# Zucchini safe?



## Lilysmommy (Jan 7, 2009)

I just realized that zucchini isn't listed on the fruit/veggie list as being safe or unsafe, and one of the baby foods in Lily's soft food mix has zucchini (it's a squash/zucchini food). Does anyone have any knowledge as to whether it's okay or not? She hasn't had any noticeable issues and has been eating this mix for a couple weeks now, but I just wanted to make sure....I should've double-checked this sooner. ><


----------



## LizardGirl (Aug 25, 2008)

I've never heard about zucchini being unsafe for any animals. I've fed it to my reptiles without a problem and I'd personally have no problem feeding it to Inky (though he'd totally ignore it).

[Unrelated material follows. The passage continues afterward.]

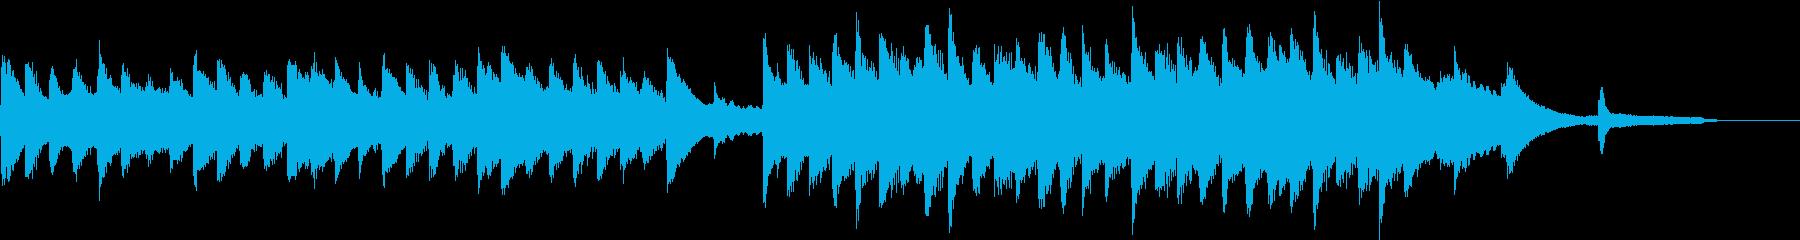 映像に 優しく切ないピアノバラードの再生済みの波形

Without actually looking it up or doing any research, (this is my disclaimer  ) I'm confident in saying they are safe to feed.


----------



## Lilysmommy (Jan 7, 2009)

Thanks for the reassurance LG!  With having no problems with her in that regard so far, and since she's (usually) eating this mix well, I'll leave it be for now, at least until after I get home. I don't want to change it and have her decide while she's at Wildside that she doesn't like it. :roll:


----------



## Christemo (Oct 5, 2011)

I think I'm the only person in the world who has a negative reaction to it. Pretty sure it's safe... I feed it to my fish, too.


----------



## Lilysmommy (Jan 7, 2009)

Thanks Christemo, it's good to get more opinions on the plus side for it!


----------